* EXERCISE INSTRUCTIONS:
Only the lines from the one with "Black sandals with" through the final line below belong in the answer, copied exactly and without pictures.

* MATERIALS PROVIDED:
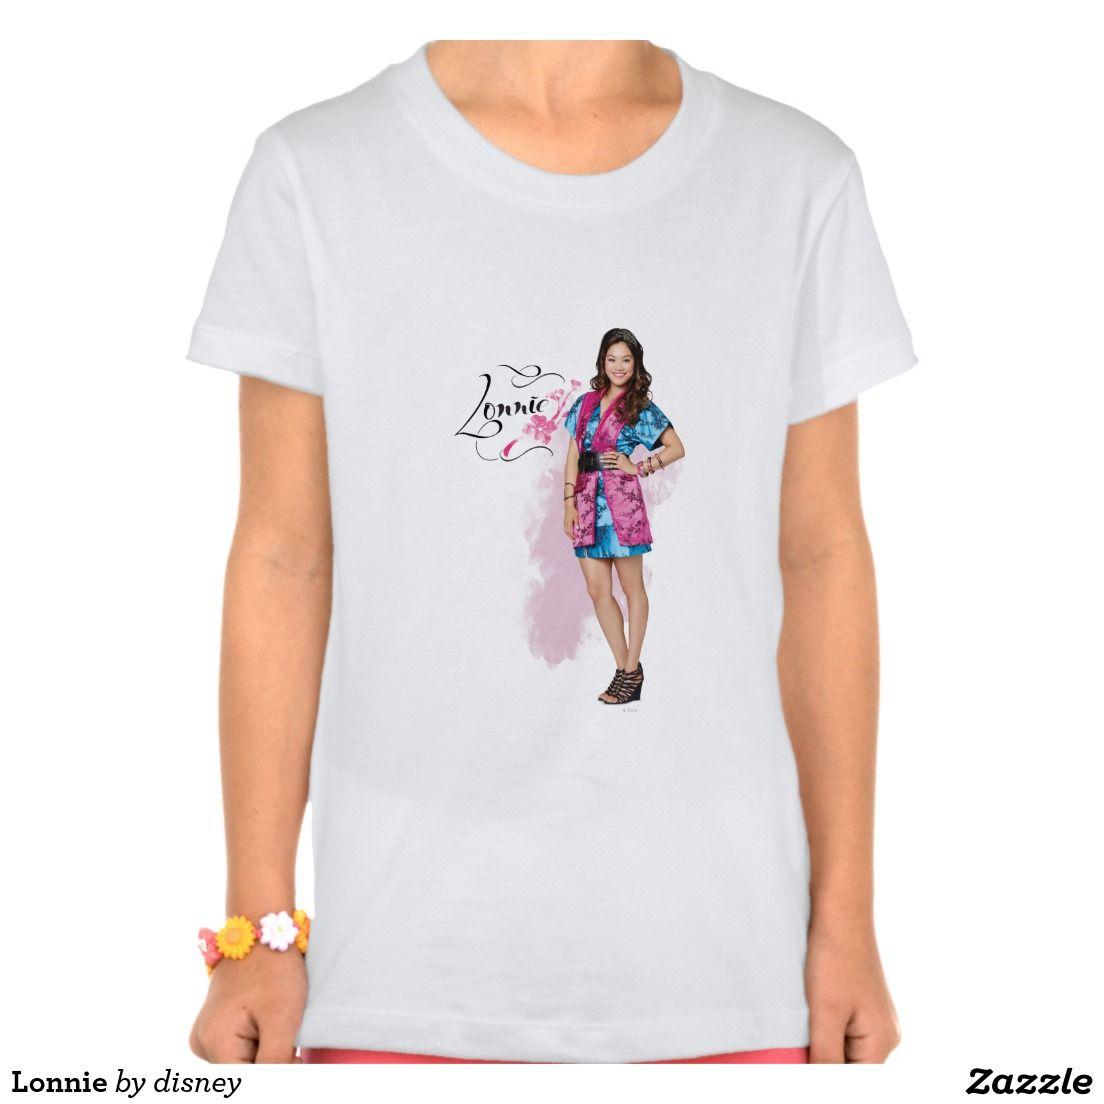 Zazzle t shirt design size - Roblox Logo Girl Zazzle T Shirt Discount Code Pinterest Raglan Shirts Logos And Sweatshirt
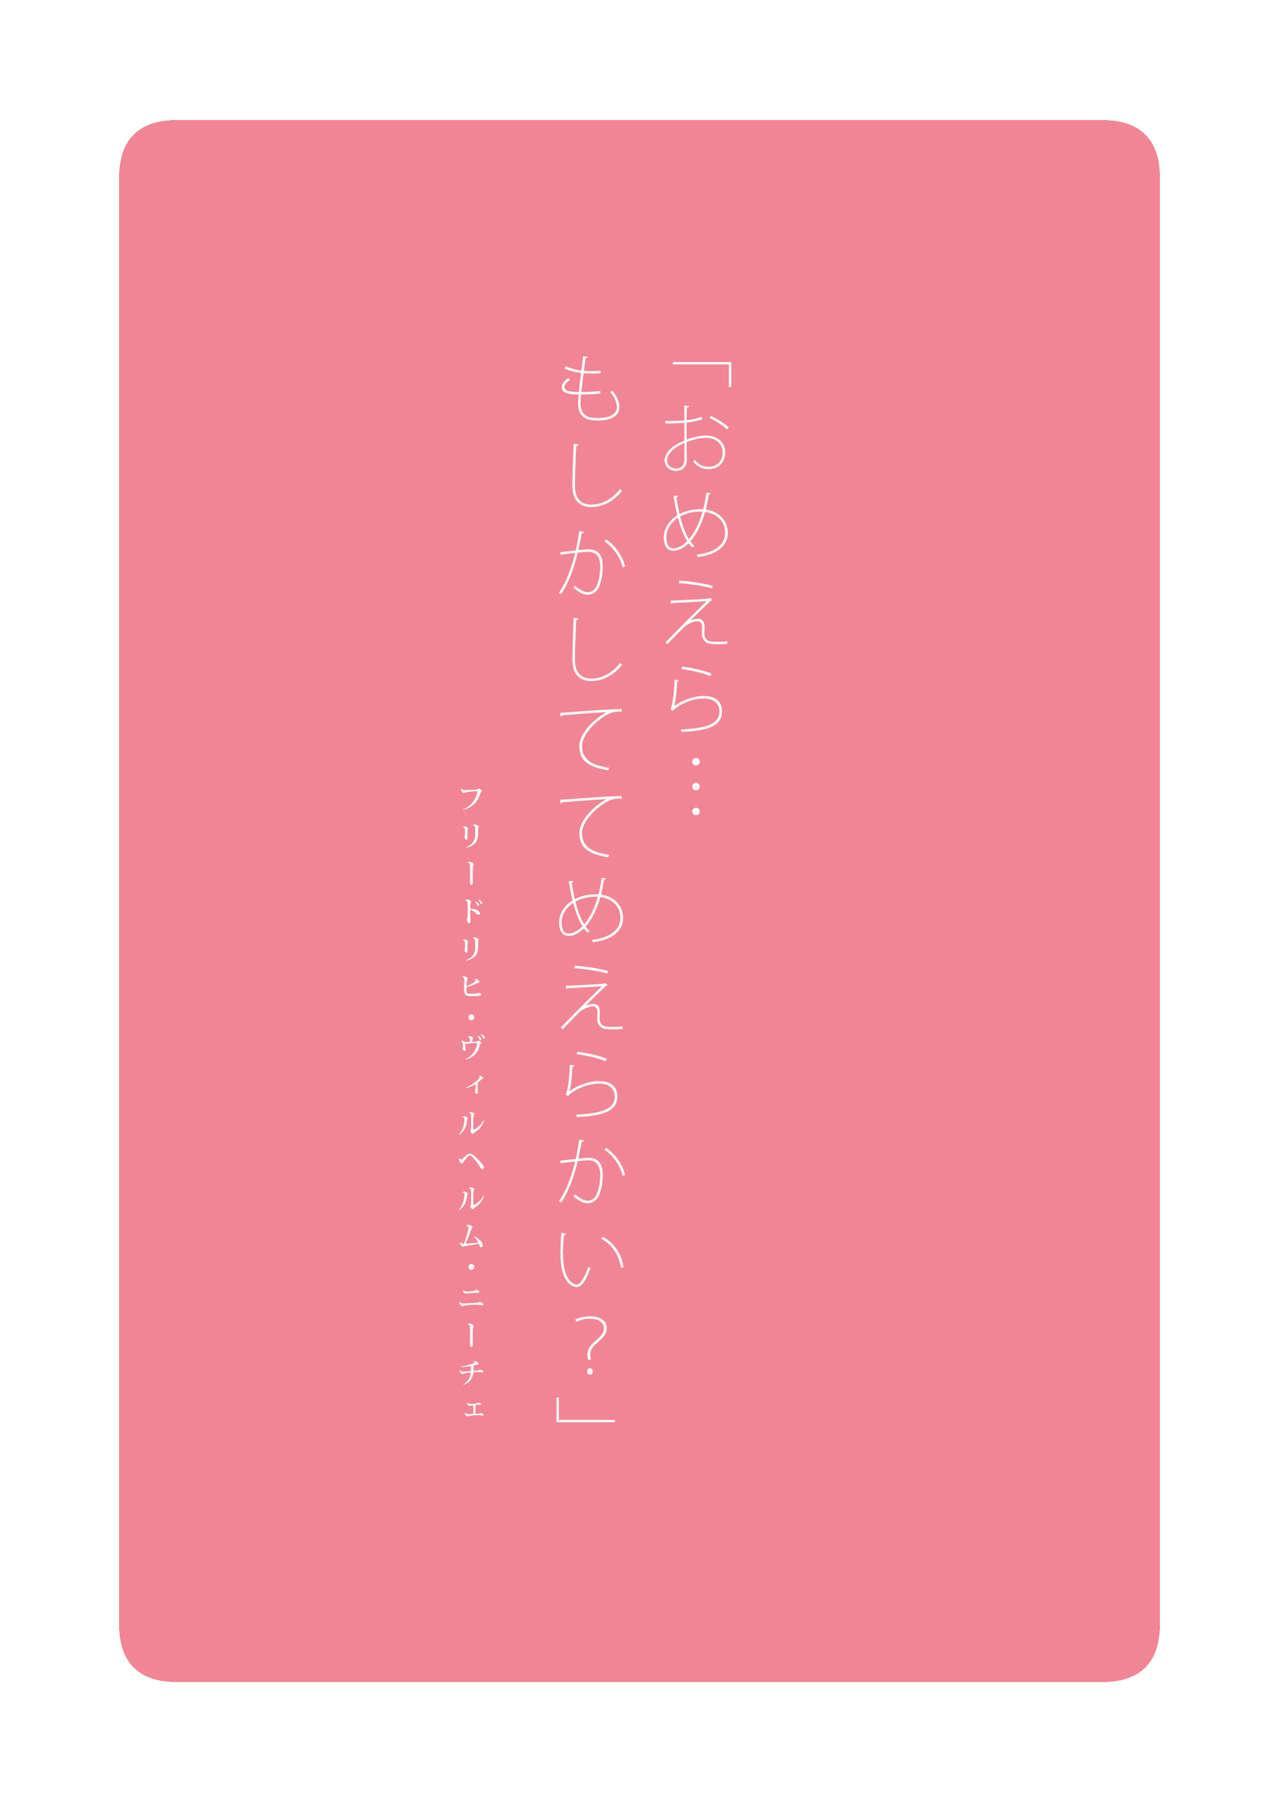 Isogasii Okaasan No Tamuno Sasa Rouzin Seikaigo | Guide for Elderly Sex Health Care to Busy Mom 31
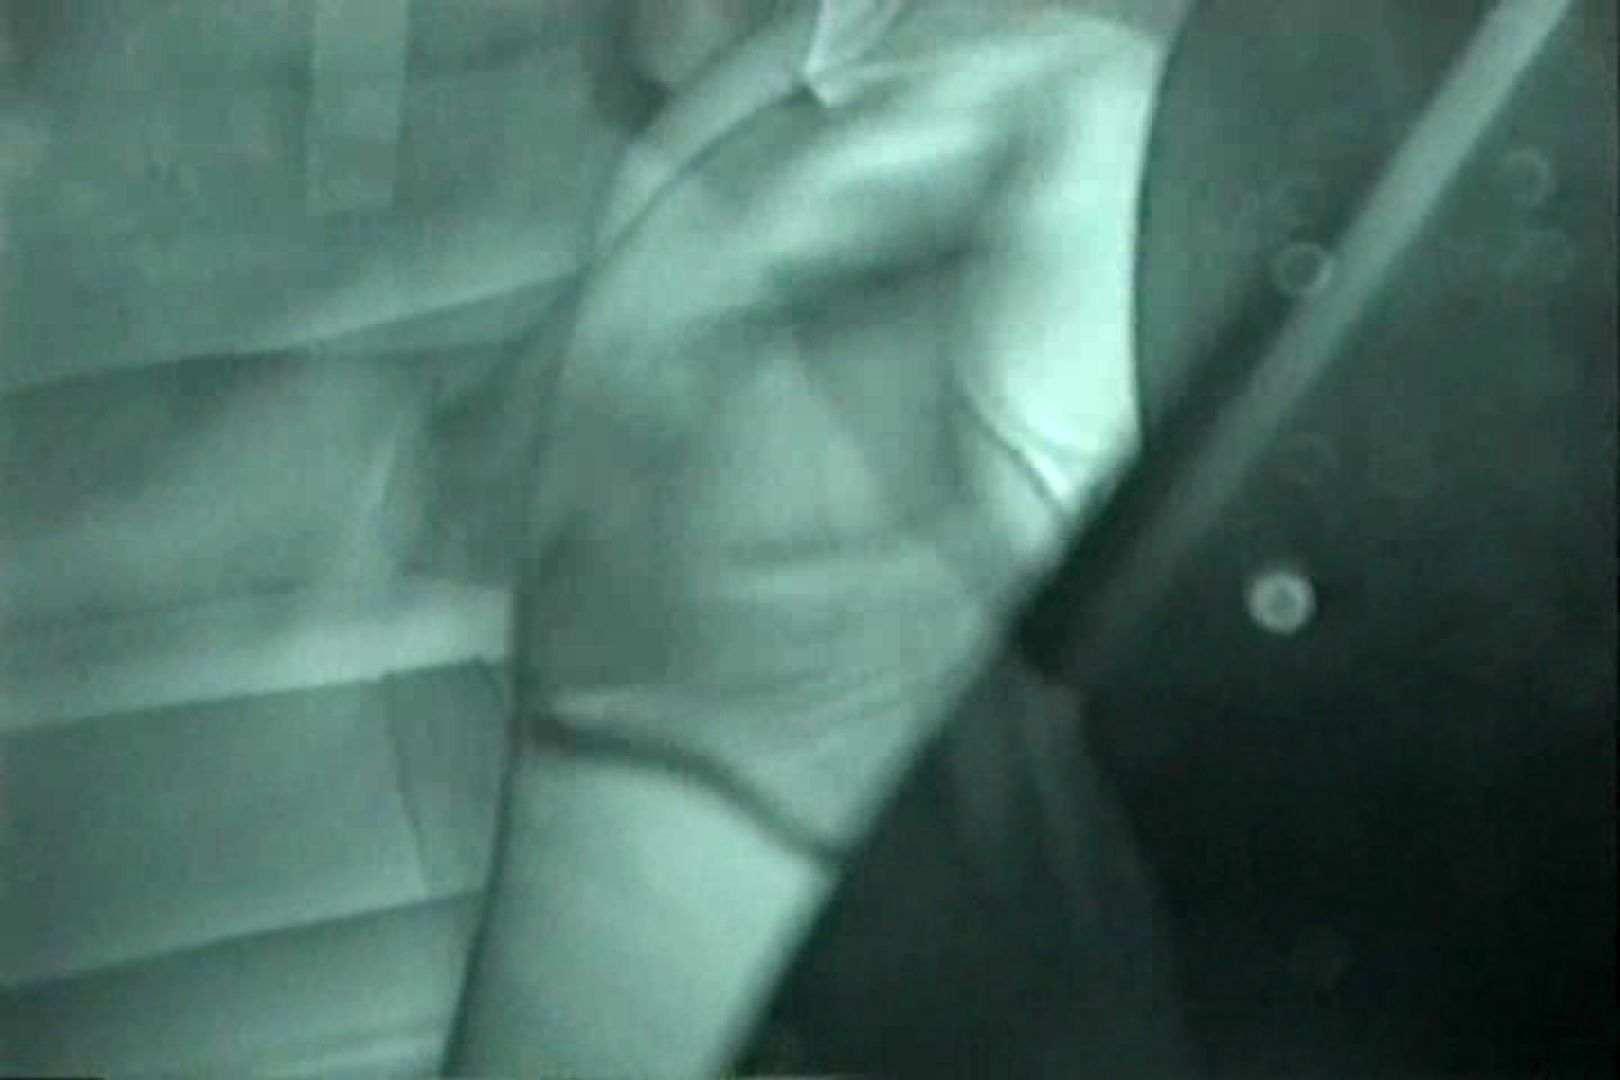 充血監督の深夜の運動会Vol.124 赤外線 盗撮オマンコ無修正動画無料 63画像 35
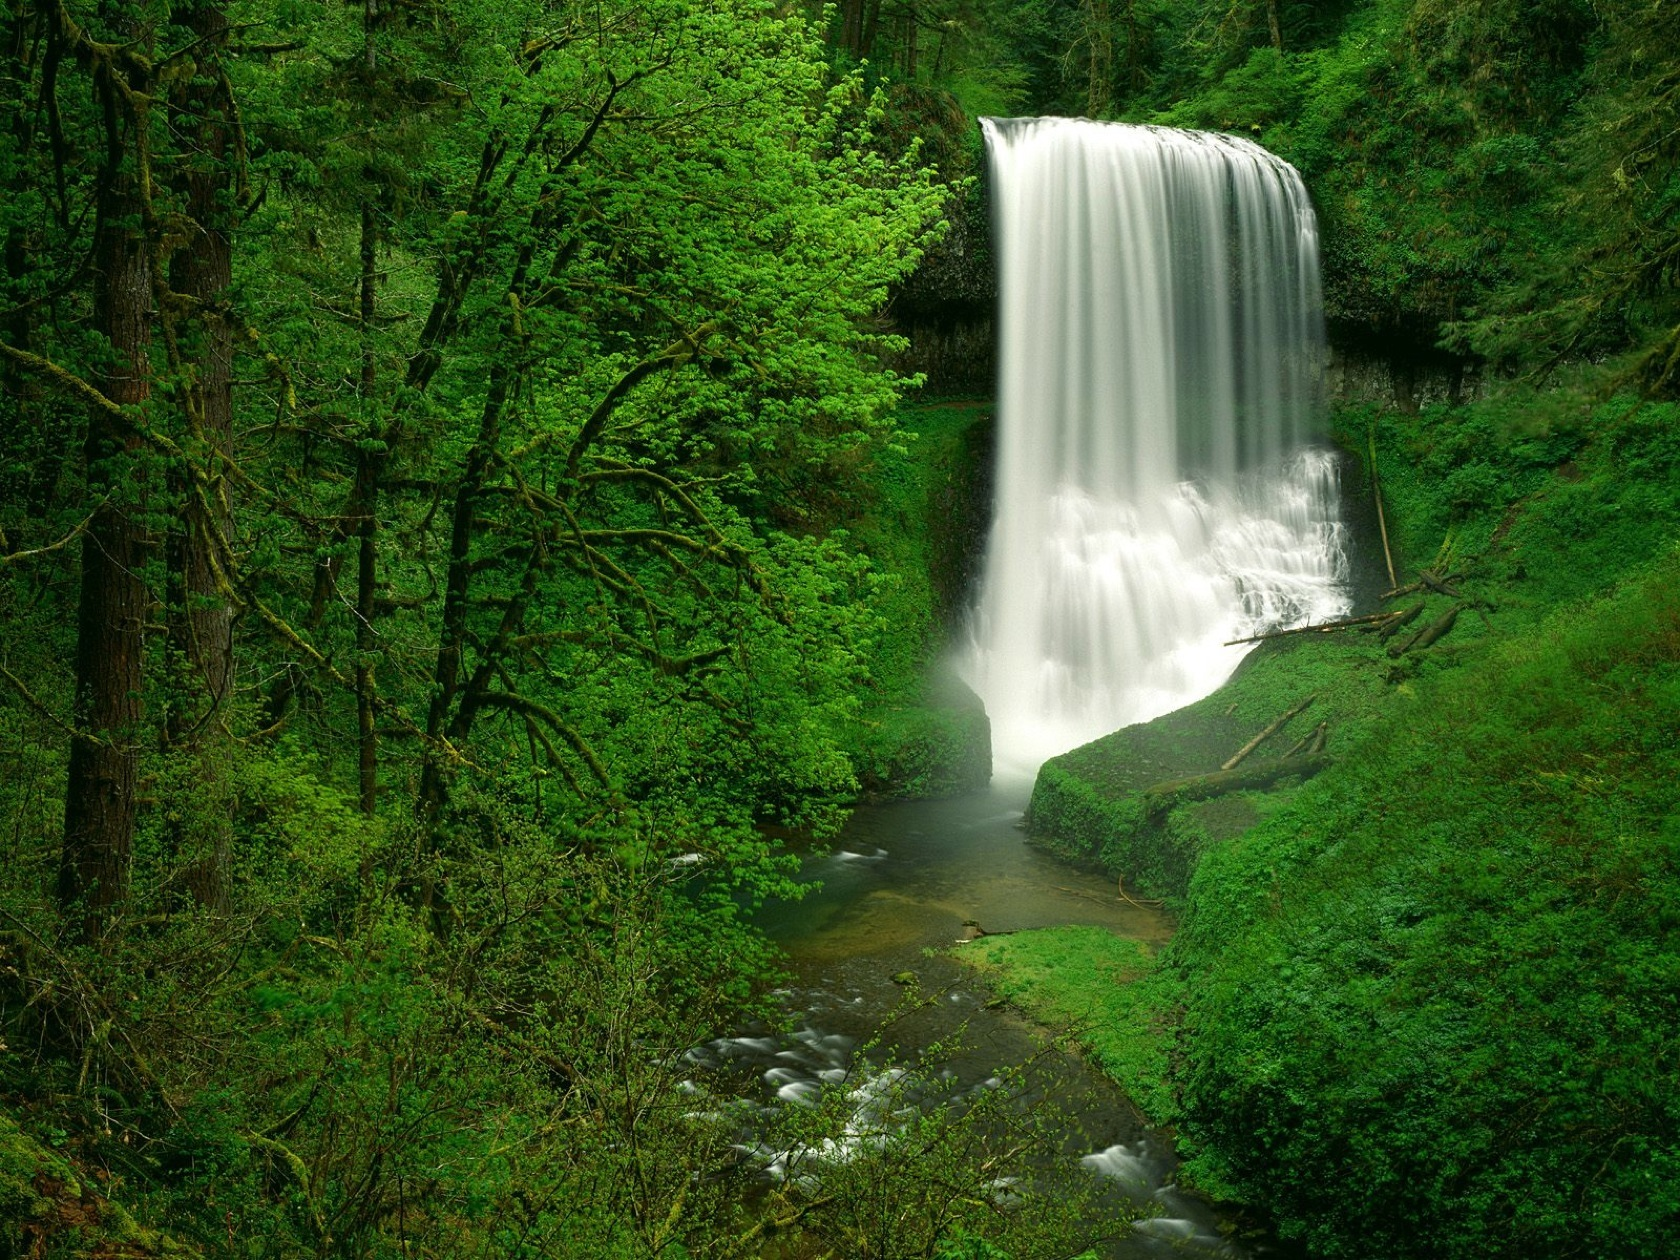 Niagara Falls Hd Wallpaper For Desktop Waterfall Wallpapers 1080p Hd Desktop Wallpapers 4k Hd
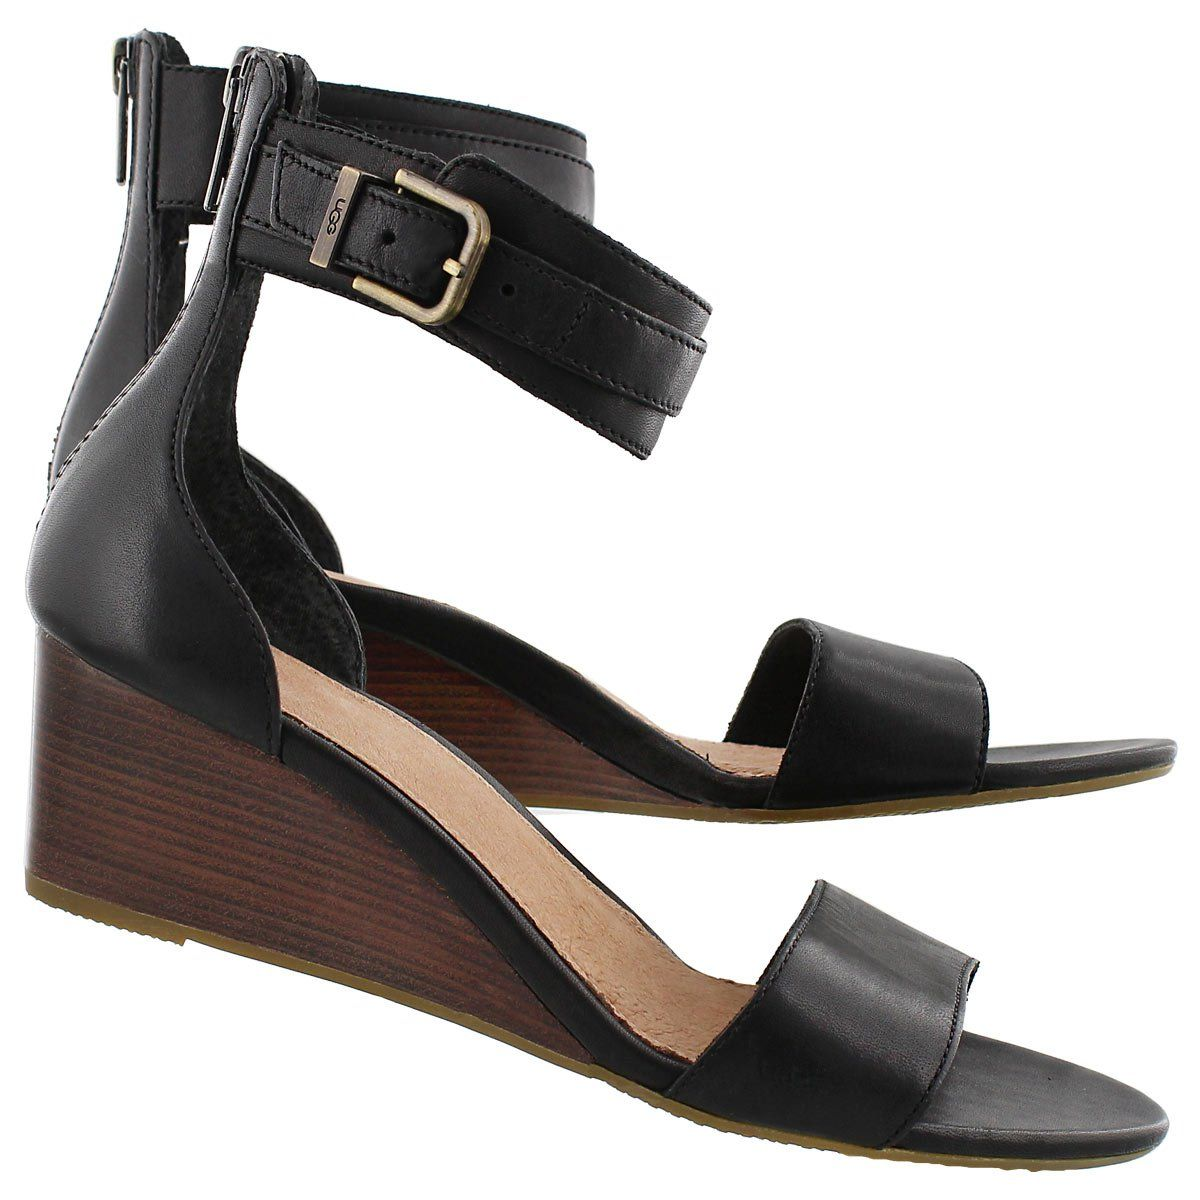 Black sandals with straps - Ugg Australia Women S Char Black Wedge Ankle Strap Sandals 1009708 Blk
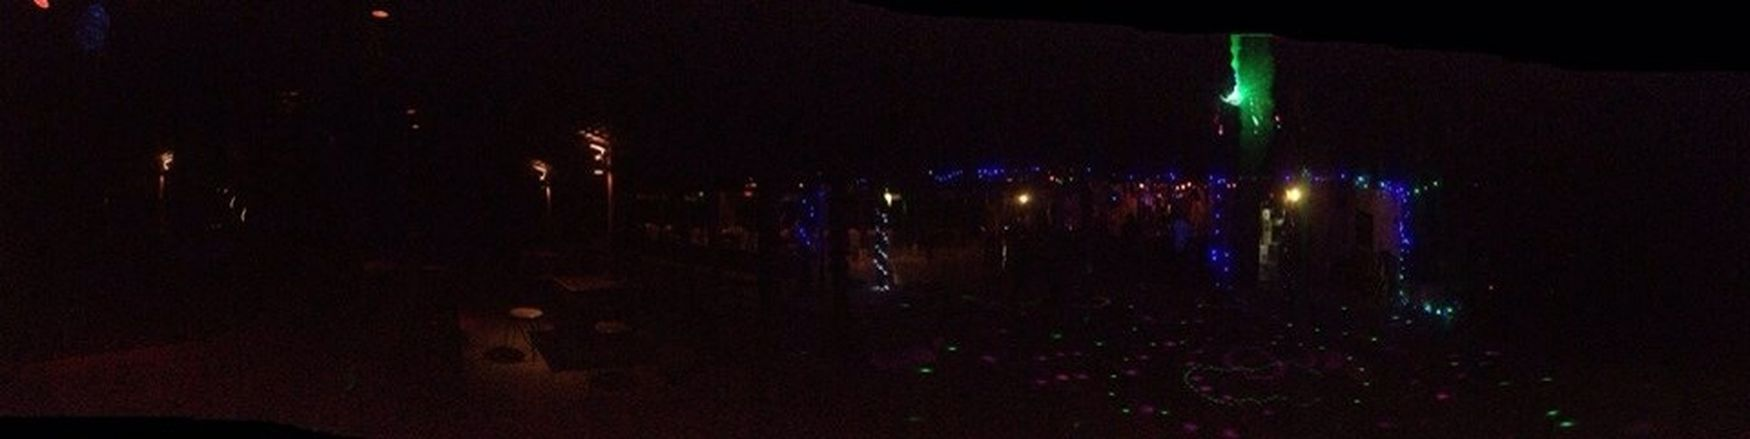 Merry Christmas Koh Siboya Krabi Thailand Party!

* EXERCISE RESPONSE:
 Black sandals with straps - Ugg Australia Women S Char Black Wedge Ankle Strap Sandals 1009708 Blk
 Merry Christmas Koh Siboya Krabi Thailand Party!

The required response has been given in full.